Returns an array A and finds A pair (I, j) so that A [I] & lt; = A [j] (I & lt; j) and j-I

Source: Internet
Author: User

Question: Give an array A and find A pair (I, j) so that A [I] <= A [j] (I <= j) and j-I is the largest, if there are multiple such location pairs, return the smallest pair of I.

The most direct idea is to find the first position j greater than or equal to A [I] from the end of the array, and the time complexity O (n ^ 2 ).


[Cpp] pair <int, int> find (const vector <int> &)
{
Int n = A. size ();
If (n = 0)
Throw new invalid_argument ("Array's size can't be 0! ");
 
Int target_ I = 0, target_j = 0;
Int max_len = 0;
For (int I = 0; I <n; ++ I)
{
Int j;
For (j = n-1; j> = I; -- j)
If (A [j]> = A [I])
Break;
If (j-I + 1> max_len)
{
Target_ I = I;
Target_j = j;
Max_len = j-I + 1;
}
}
 
Return make_pair <int, int> (target_ I, target_j );
}

Pair <int, int> find (const vector <int> &)
{
Int n = A. size ();
If (n = 0)
Throw new invalid_argument ("Array's size can't be 0! ");

Int target_ I = 0, target_j = 0;
Int max_len = 0;
For (int I = 0; I <n; ++ I)
{
Int j;
For (j = n-1; j> = I; -- j)
If (A [j]> = A [I])
Break;
If (j-I + 1> max_len)
{
Target_ I = I;
Target_j = j;
Max_len = j-I + 1;
}
}

Return make_pair <int, int> (target_ I, target_j );
}
We have slightly optimized the above algorithms. When I = 0, we assume that the rightmost position greater than A [I] Is j0. for I = 1, we do not need to consider the position smaller than j0, because their Interval Length is smaller than j0 + 1, it is impossible to become the optimal solution.


[Cpp] pair <int, int> find (const vector <int> &)
{
Int n = A. size ();
If (n = 0)
Throw new invalid_argument ("Array's size can't be 0! ");
 
Int target_ I = 0, target_j = 0;
Int max_len = 0;
For (int I = 0; I <n; ++ I)
{
Int j;
For (j = n-1; j> target_j; -- j) // check target_j
If (A [j]> = A [I])
Break;
If (j-I + 1> max_len)
{
Target_ I = I;
Target_j = j;
Max_len = j-I + 1;
}
}
 
Return make_pair <int, int> (target_ I, target_j );
}

Pair <int, int> find (const vector <int> &)
{
Int n = A. size ();
If (n = 0)
Throw new invalid_argument ("Array's size can't be 0! ");

Int target_ I = 0, target_j = 0;
Int max_len = 0;
For (int I = 0; I <n; ++ I)
{
Int j;
For (j = n-1; j> target_j; -- j) // check target_j
If (A [j]> = A [I])
Break;
If (j-I + 1> max_len)
{
Target_ I = I;
Target_j = j;
Max_len = j-I + 1;
}
}

Return make_pair <int, int> (target_ I, target_j );
}
However, the time complexity is still O (n ^ 2. We can continue to optimize the above ideas.
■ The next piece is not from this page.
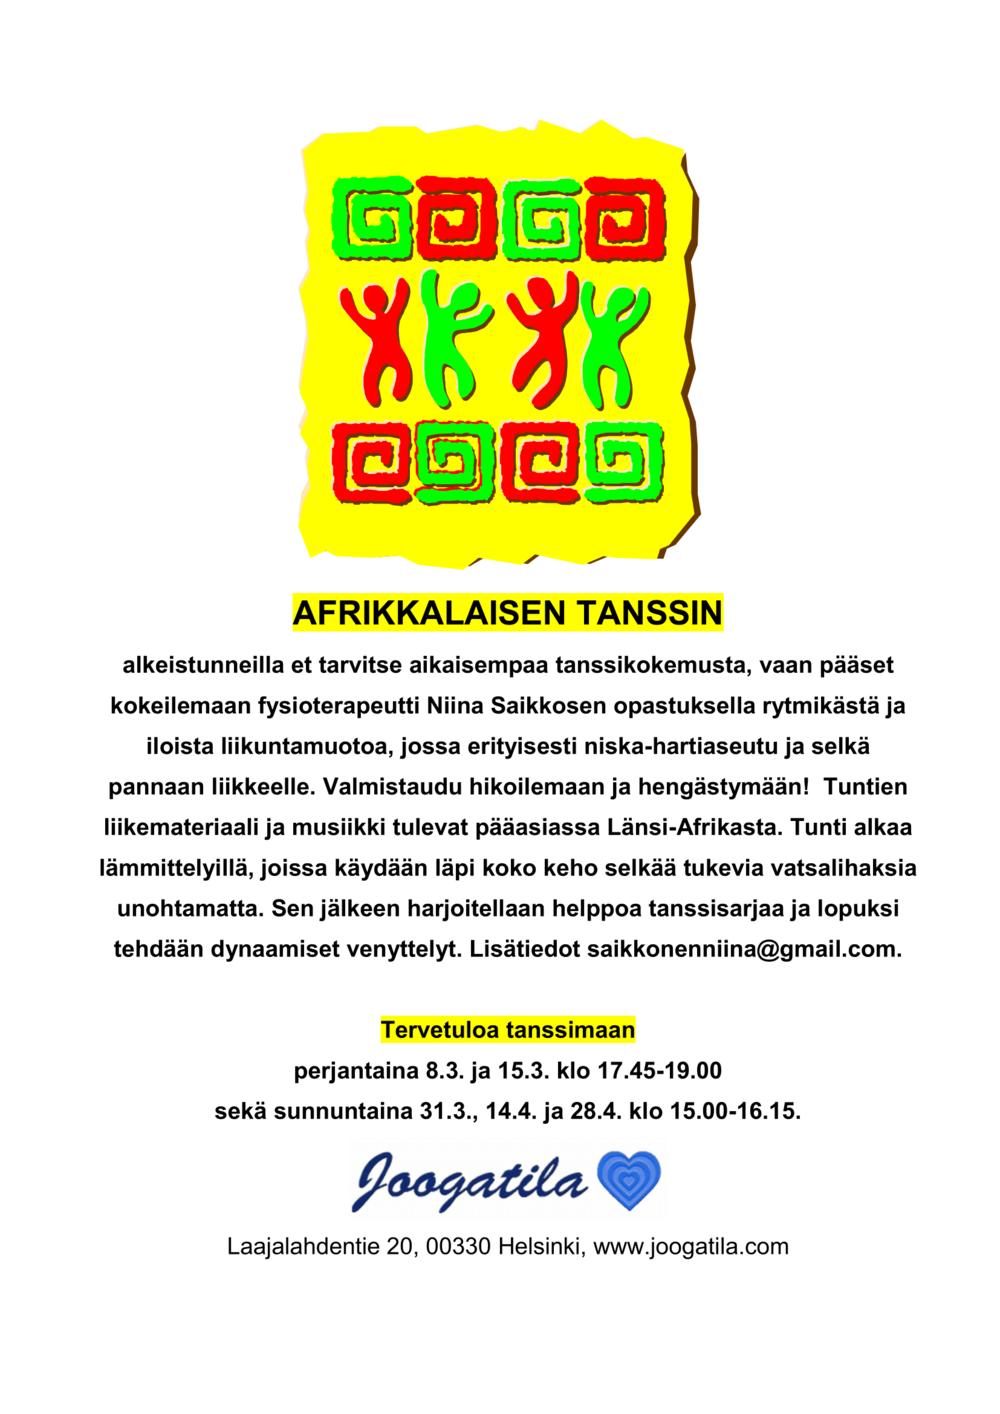 Afro Joogatila kevät 2019-1.png

In fact, for location I, find the last location greater than or equal to it, and do not need to look forward from the end of the array every time. We can change the time complexity to O (n) by improving this location ).
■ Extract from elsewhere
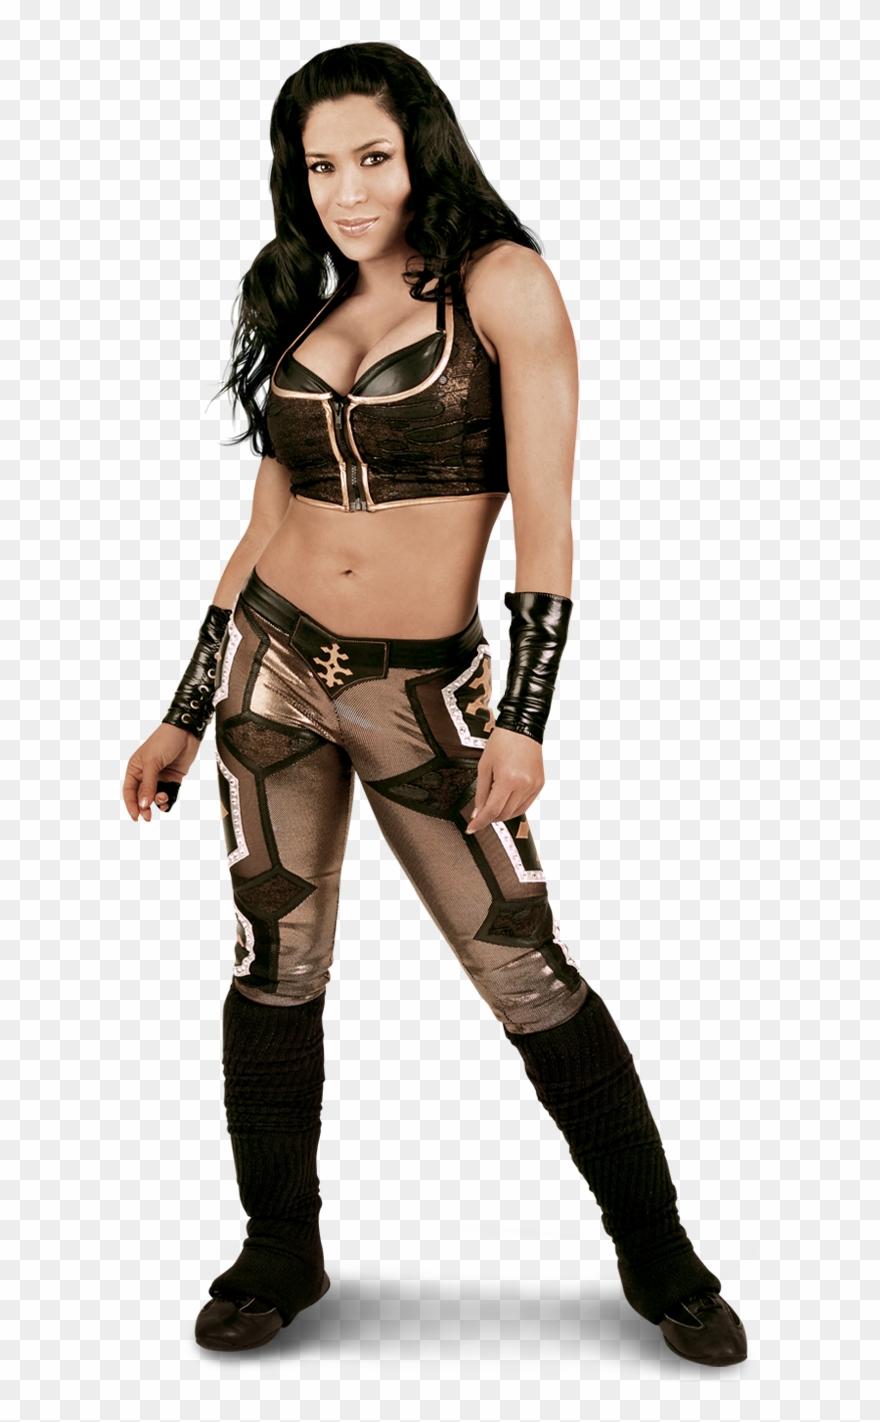 Vroom Vroom Royal Rumble Divas Wwe Belt Clip Art All Smackdown Vs Raw 2011 Melina Png Download 601967 Pinclipart

The process is like this. For I, we first find the position j of the largest element on the right side of I and check whether it is better and updated than the optimal solution of the current record. Then, check whether the maximum element position of j + 1 and its right side is greater than or equal to A [I]. If yes, make j equal to this position and repeat the above process. If no, start from position I + 1, but j is still considered from the current position. The reason is described above. In this way, the time complexity is O (n.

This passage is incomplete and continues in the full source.